__Task requirements__. Leave out the pictures and set down the rest of the listing below word for word.

__Information provided__.
-- Opening Marker --

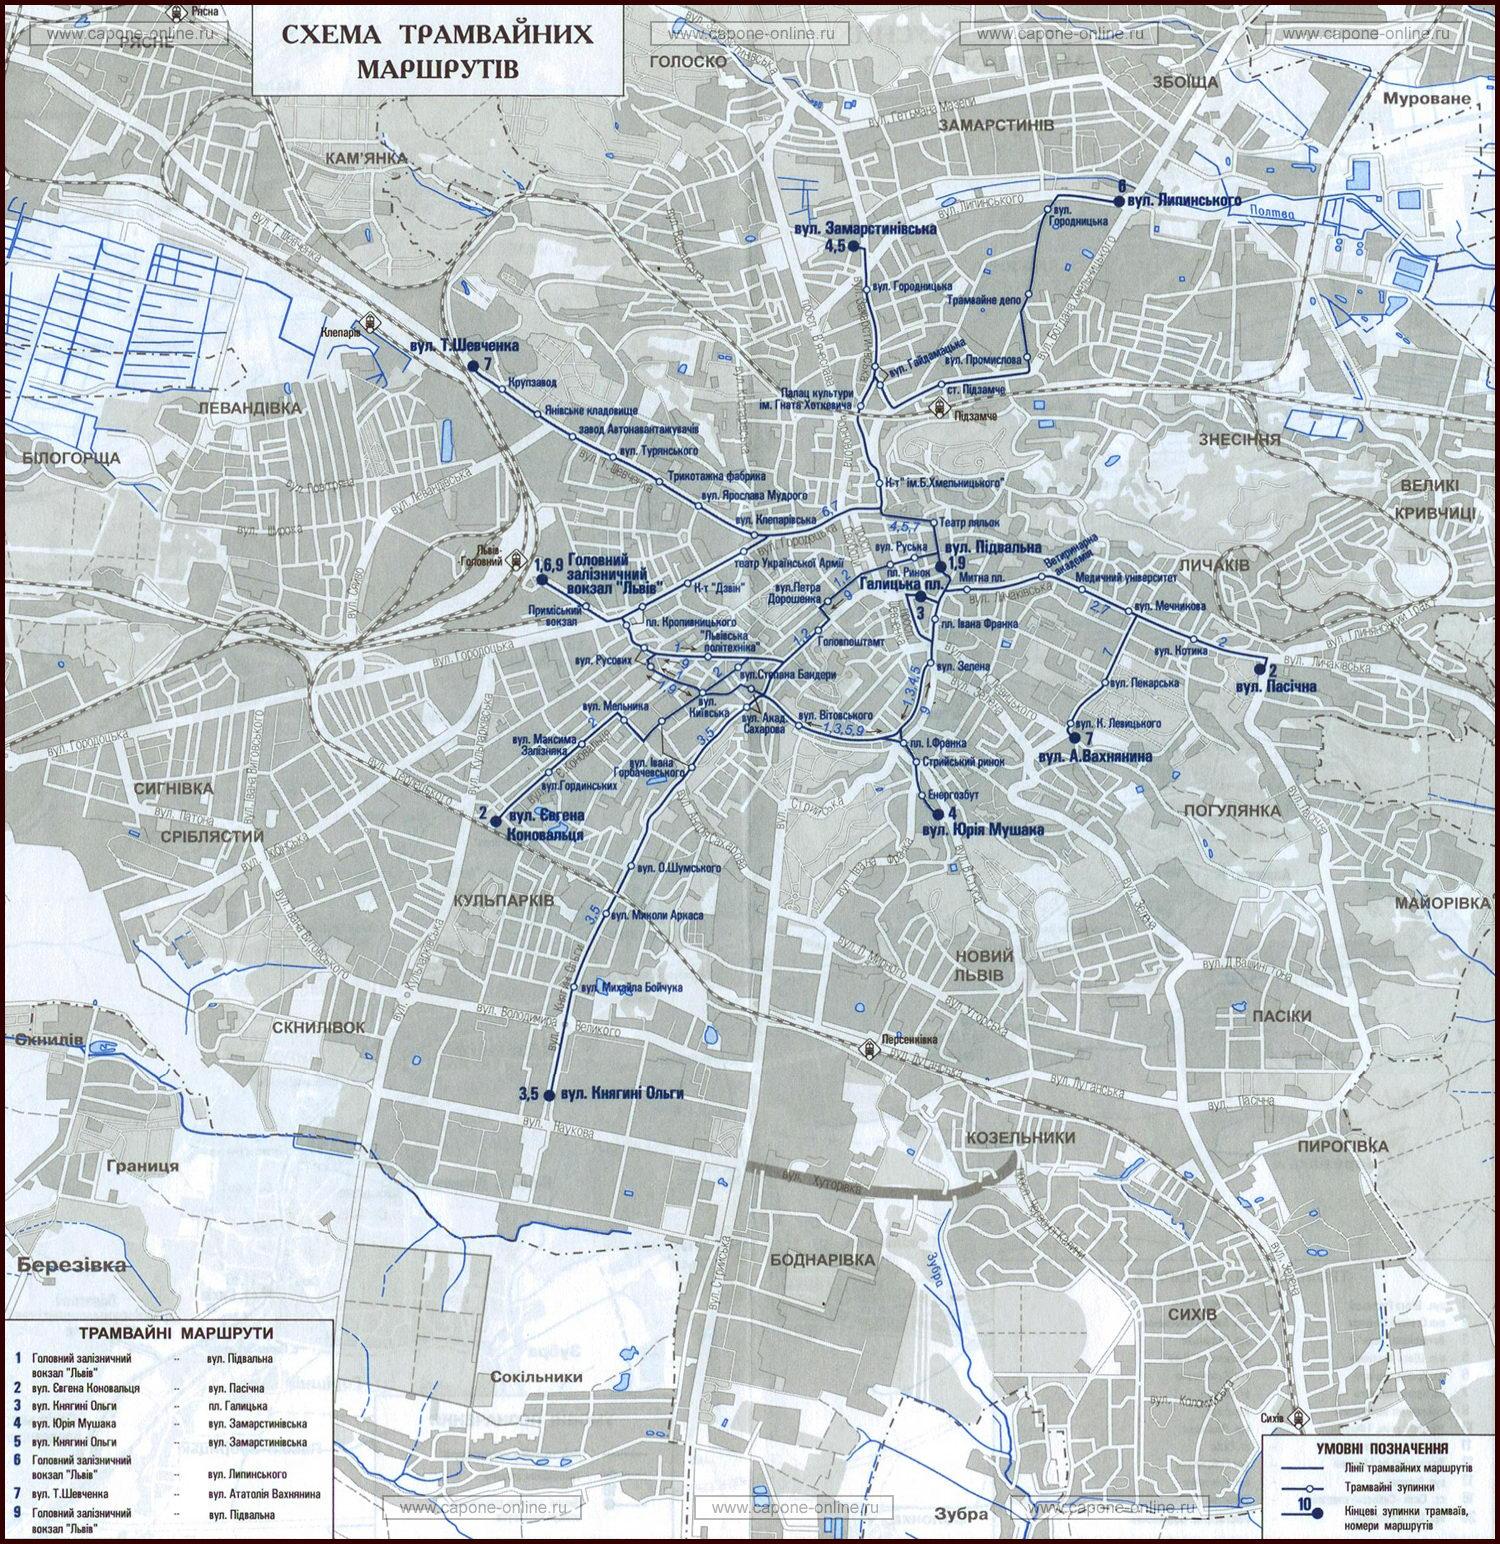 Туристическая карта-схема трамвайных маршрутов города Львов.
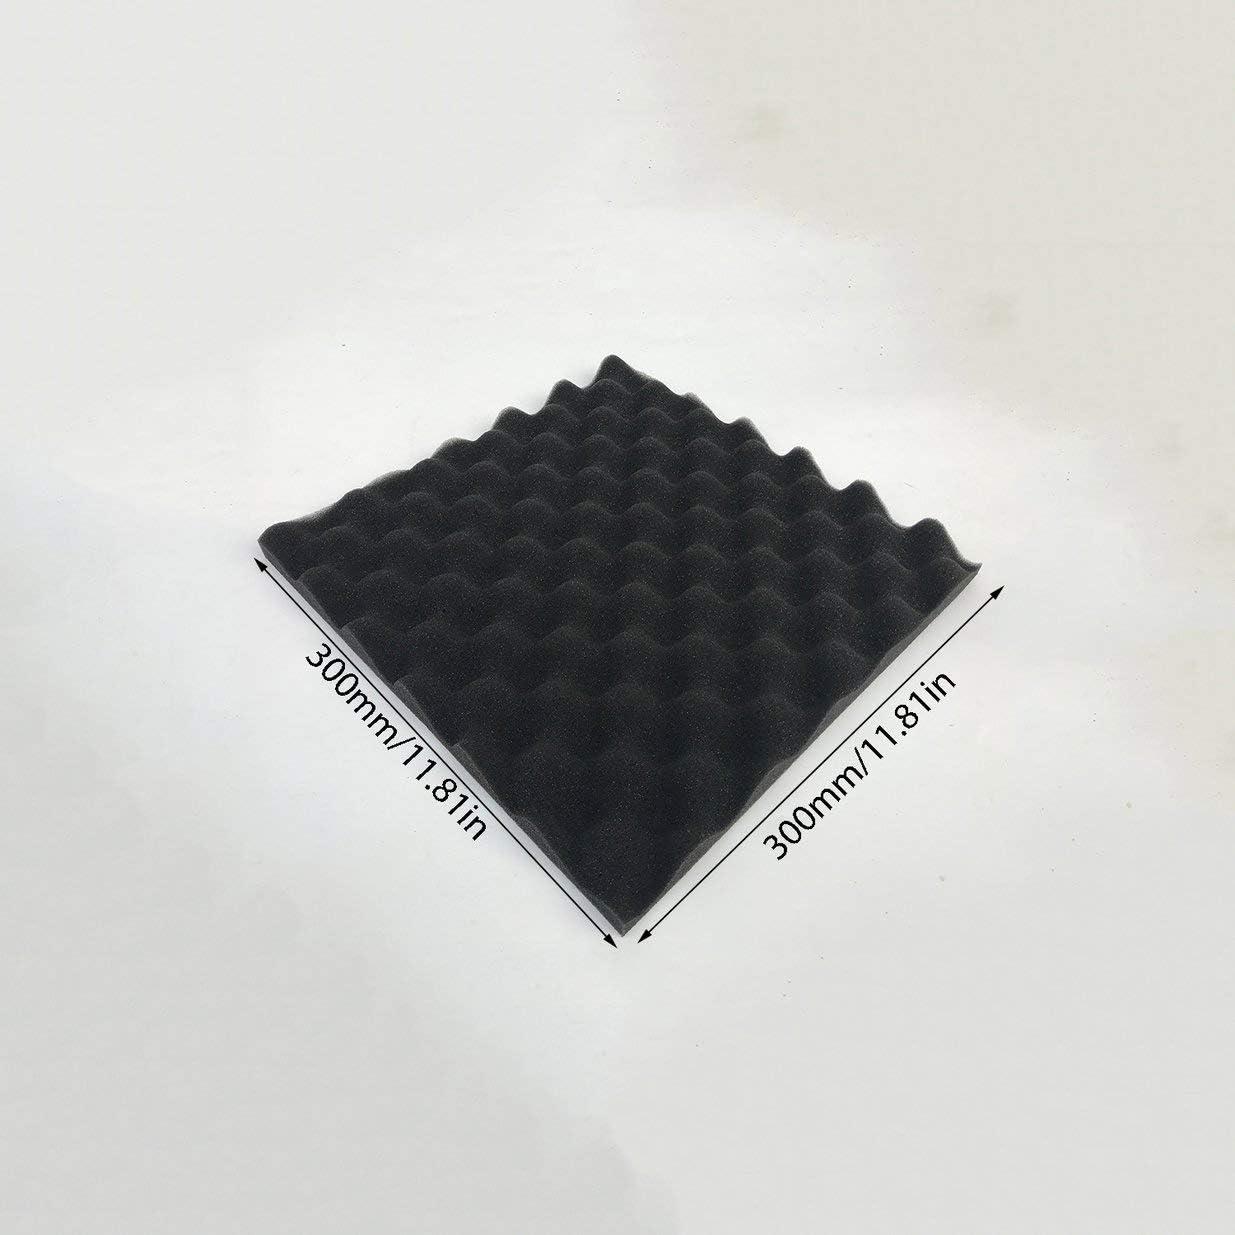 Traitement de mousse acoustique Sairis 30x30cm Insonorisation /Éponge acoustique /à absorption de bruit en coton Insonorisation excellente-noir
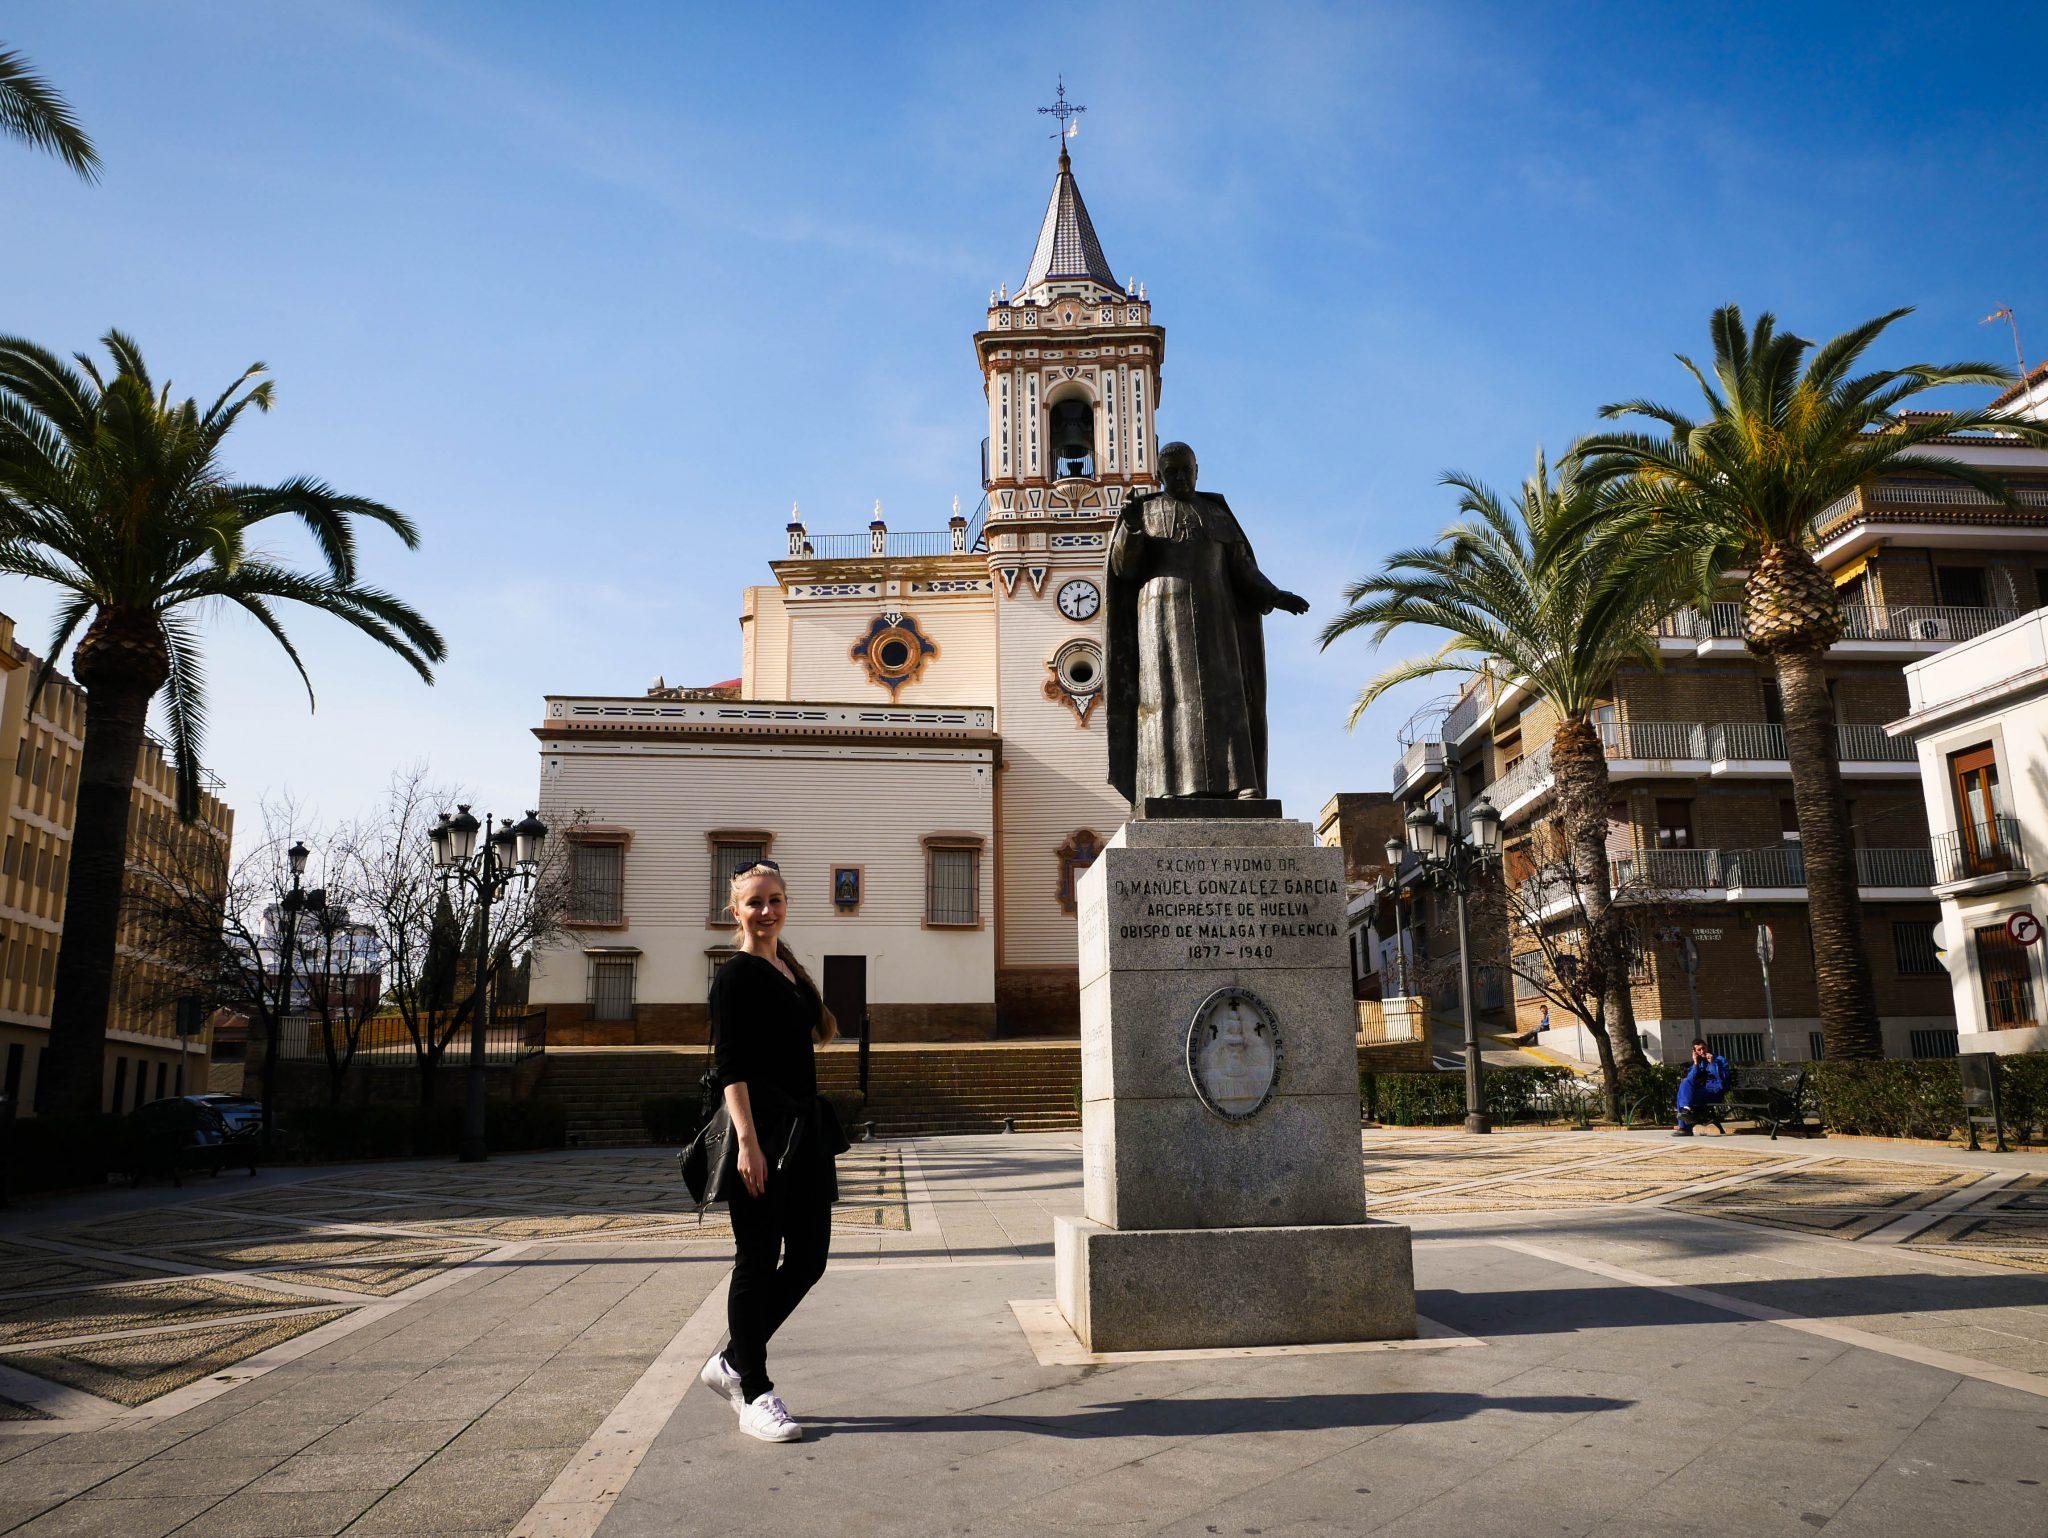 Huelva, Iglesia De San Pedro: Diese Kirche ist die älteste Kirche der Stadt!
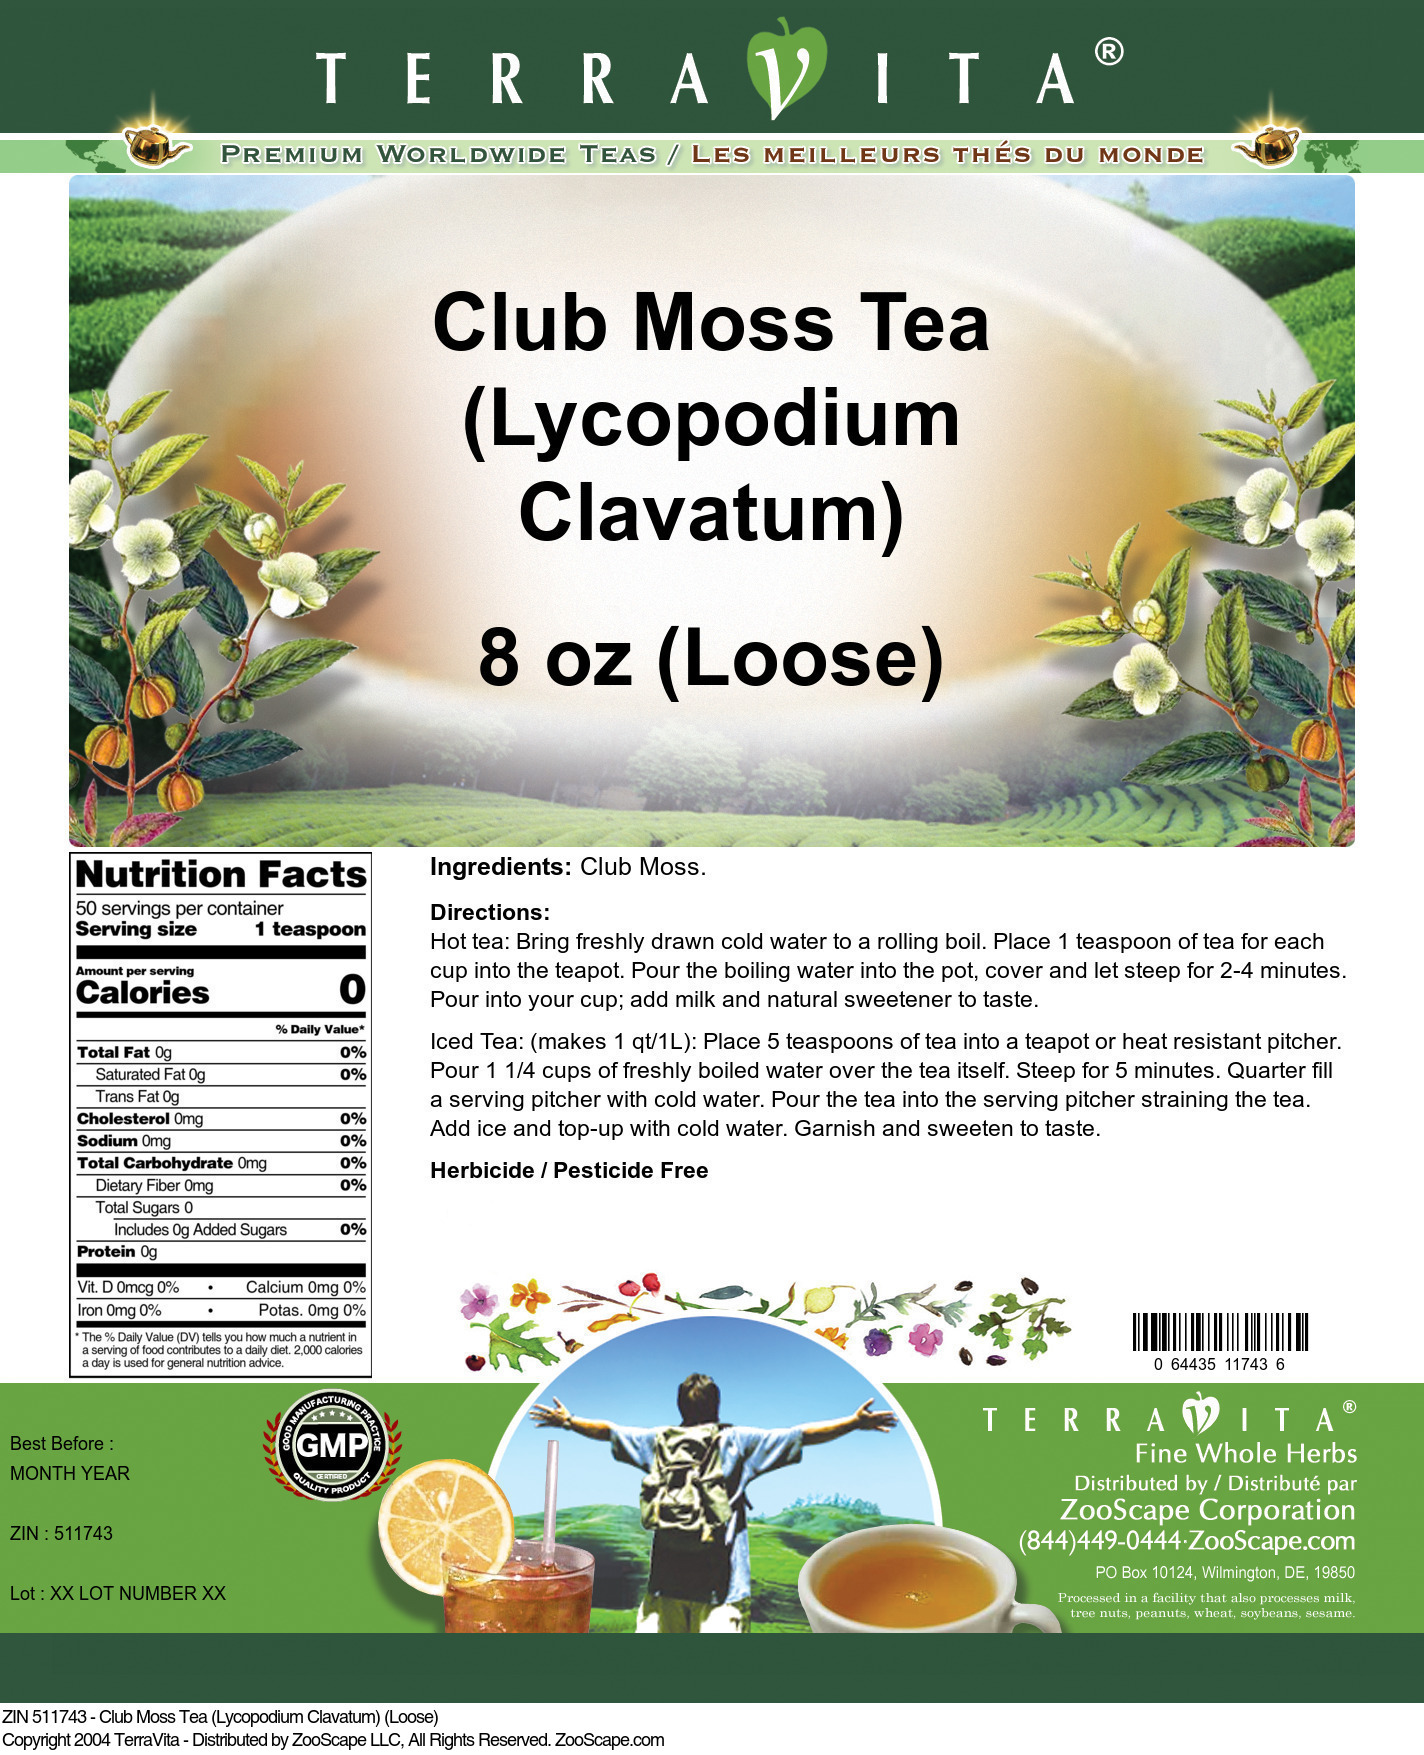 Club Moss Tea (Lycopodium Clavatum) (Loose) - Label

-- Closing Marker --

__Written solution__.
 Туристическая карта-схема трамвайных маршрутов города Львов.
 Traitement de mousse acoustique Sairis 30x30cm Insonorisation /Éponge acoustique /à absorption de bruit en coton Insonorisation excellente-noir
 Huelva, Iglesia De San Pedro: Diese Kirche ist die älteste Kirche der Stadt!
 Club Moss Tea (Lycopodium Clavatum) (Loose) - Label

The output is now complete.